The effect was immediate and absolute. Sparring stopped. Clones dissolved mid-motion. Weapons lowered. Every person in the Undergrowth turned and surged toward the central space.

"Byron has returned!"

The cry became a roar.

A figure vaulted onto the massive stone stage. Shirtless. Dense with muscle, skin mapped in tribal tattoos that seemed to shift as he moved. He slammed a fist into his chest and loosed a shout that shook dust from the ceiling above.

A challenge.

Dozens of rebels swarmed him at once.

Byron laughed — loud, unrestrained — and became motion. He ducked, twisted, caught attackers mid-strike and sent them across the floor with careless ease. A bright red aura pulsed at his fists and feet, shockwaves spreading outward with each impact. Bodies flew. None of them broke.

Painful. Humbling. Not lethal.

Human-based power, raw and honest. Moto felt his pulse quicken. This was the kind of fighting he understood.

He took a step forward.

A hand closed on his shoulder — firm, gentle, not moving.

Lilly.

"Trust me," she said quietly. Not afraid. Careful.

The chaos burned itself out. Rebels groaned and laughed from the floor as Byron dropped from the stage and landed directly in front of Moto and Lilly. He gave her a respectful nod, then looked out over his people with something close to possessive pride.

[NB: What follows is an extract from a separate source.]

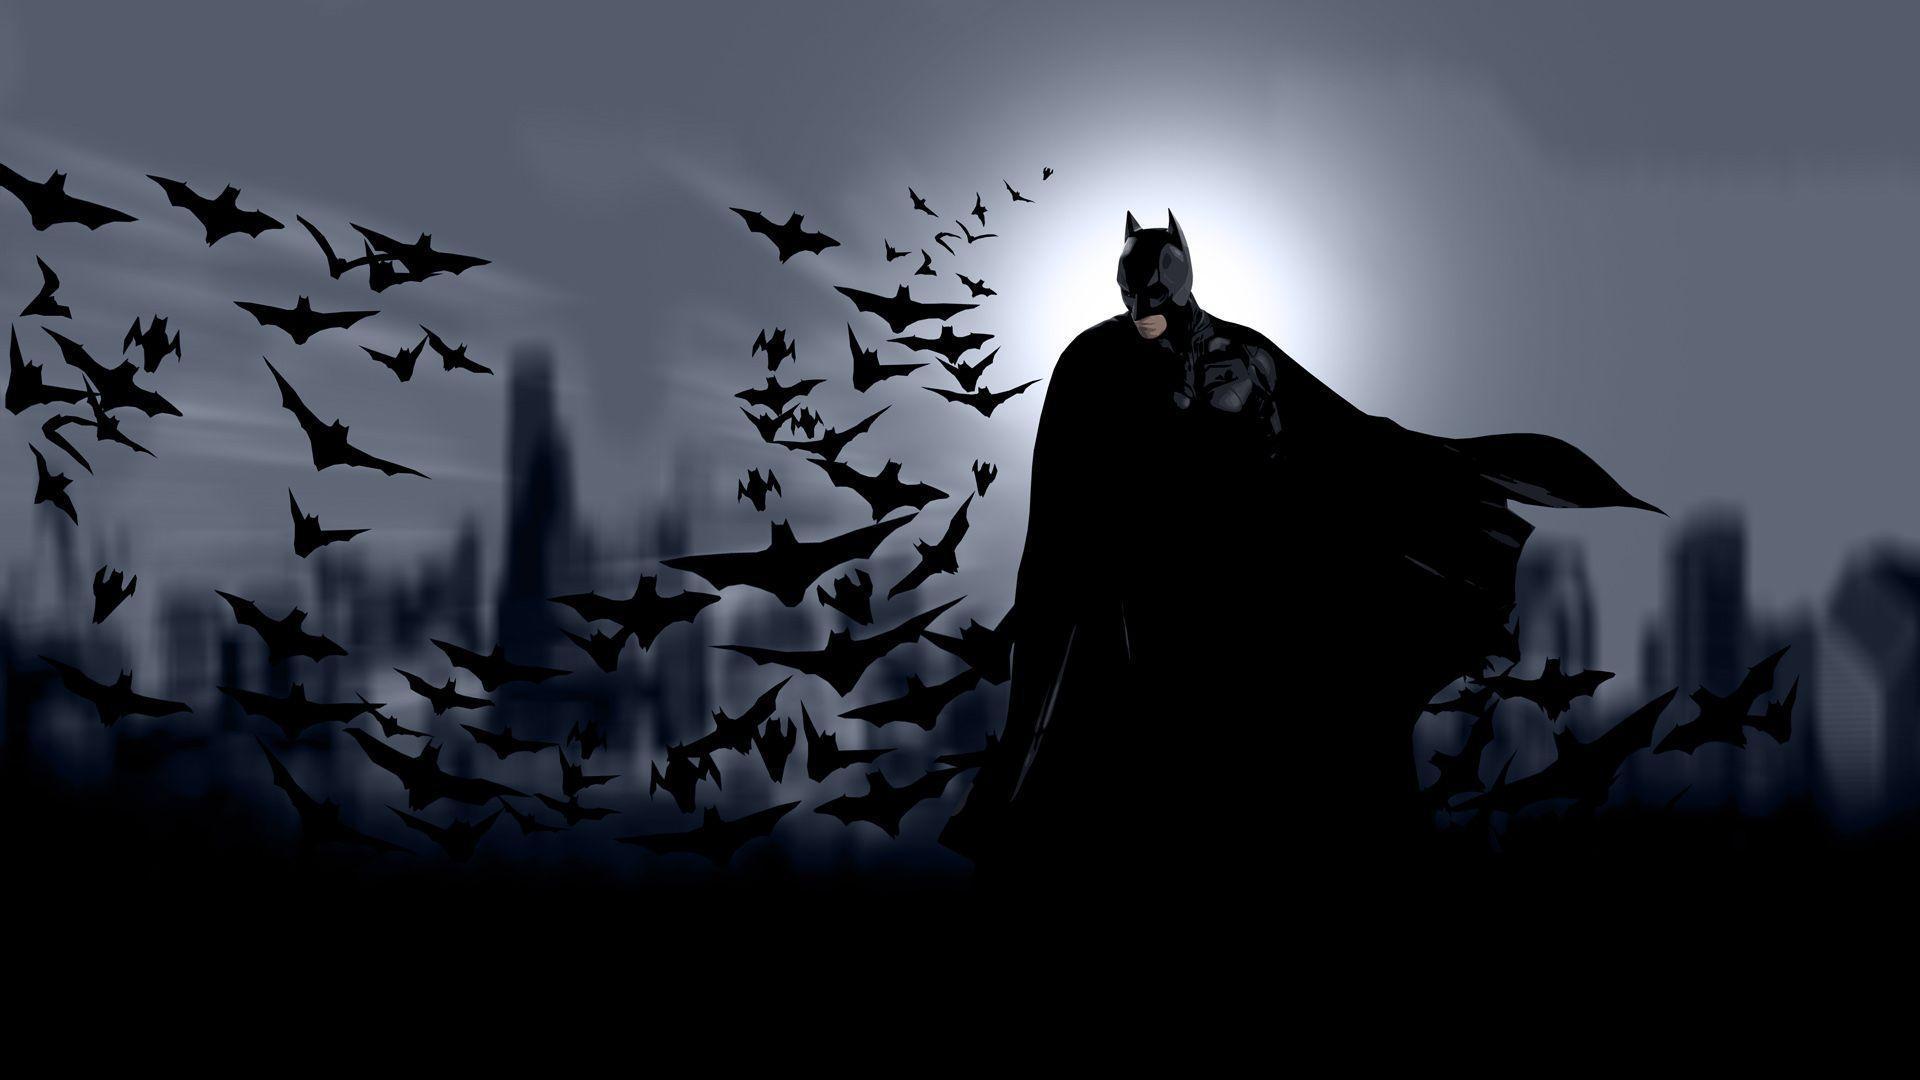 Batman And Bats 3D Live Wallpaper < 3D Art < Gallery < Desktop

"Is it always like this when he comes back?" Aemon asked, trying to sound casual.

"He's truly one of us," Lilly said, smiling. "That's why we accept him. Or at least — part of it."

POP.

"Ooh! What's the other part?" Joy burst out, leaning forward. "Tell me—"

Lilly opened her mouth.

And froze.

The change in Byron was subtle at first — a tightening, a pressure shift in the air around him. Then the dread hit.

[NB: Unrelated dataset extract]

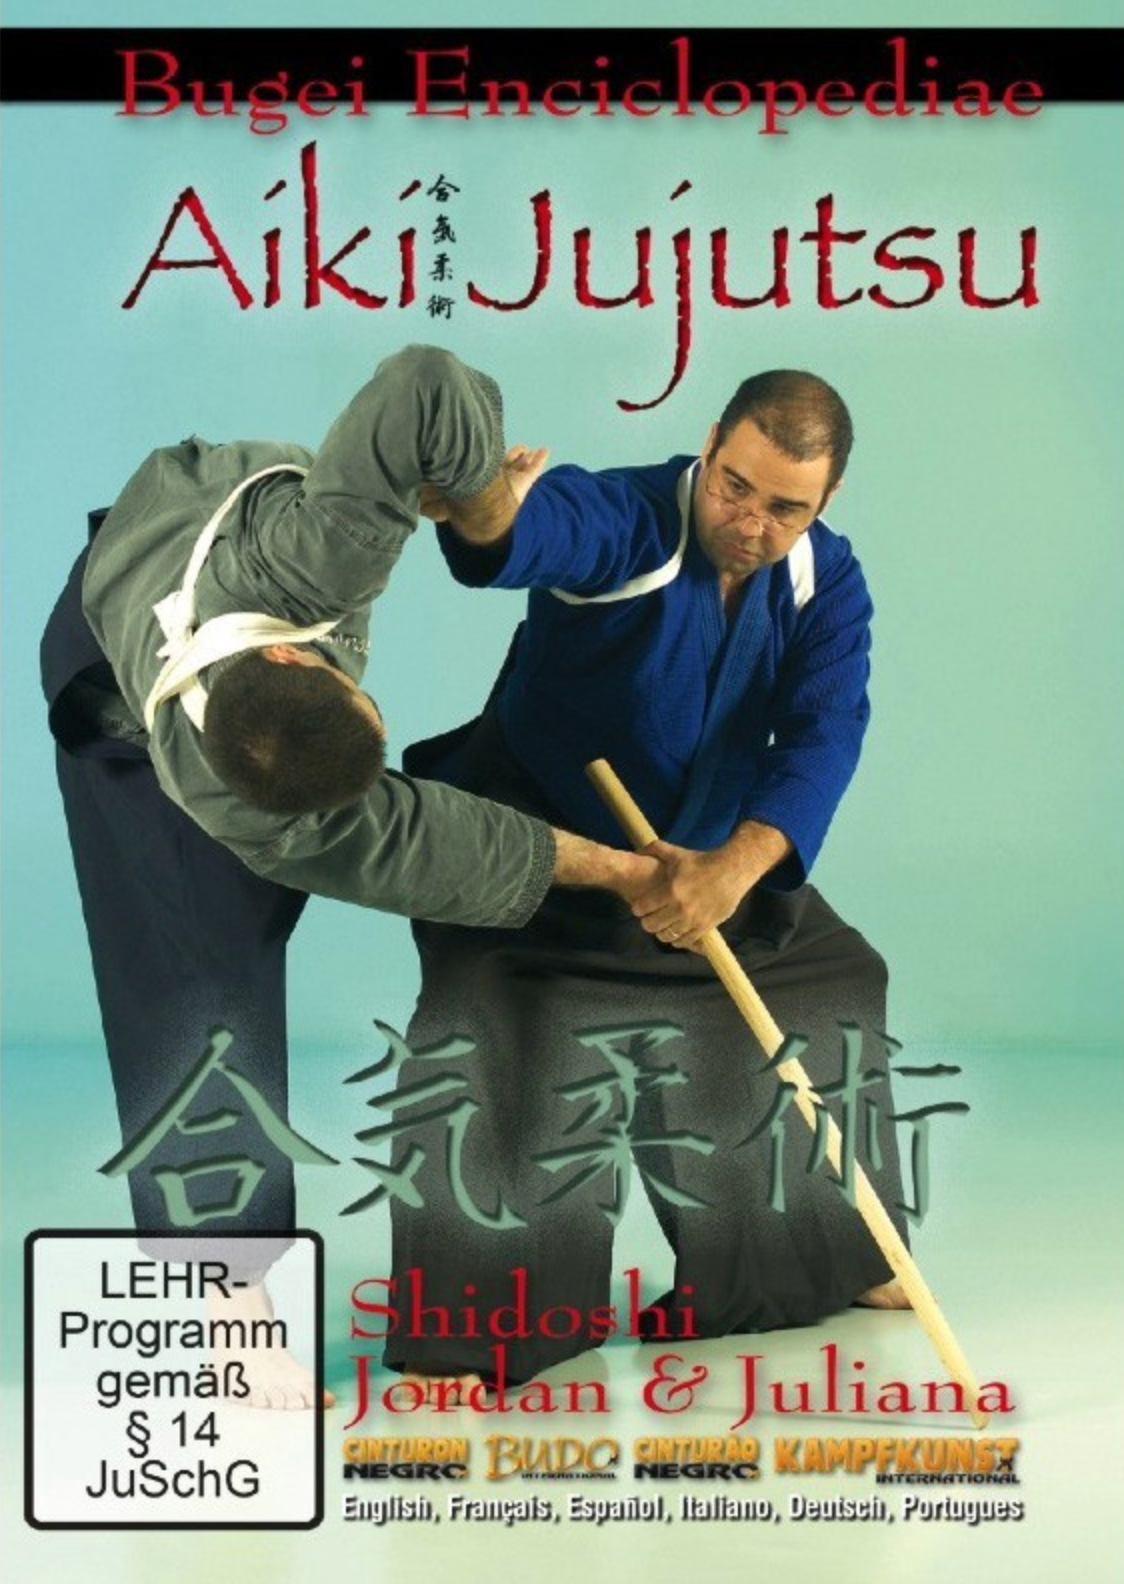 Bugei Aiki-Jujutsu Vol 1 DVD by Jordan Augusto - Budovideos

It moved through the cavern like something alive. Every Sango native in the space — Lilly, Dimakatso, the hundreds packed into the underground — broke out in goosebumps at the same instant. Conversations died mid-word. Cheering stopped. Hair rose on arms and necks.

Moto felt it too. Not the animal recognition that the Sango people felt — something else. Like standing close to a storm he didn't yet have the language for.

Byron hadn't moved. Hadn't spoken.

And yet the cavern held its breath.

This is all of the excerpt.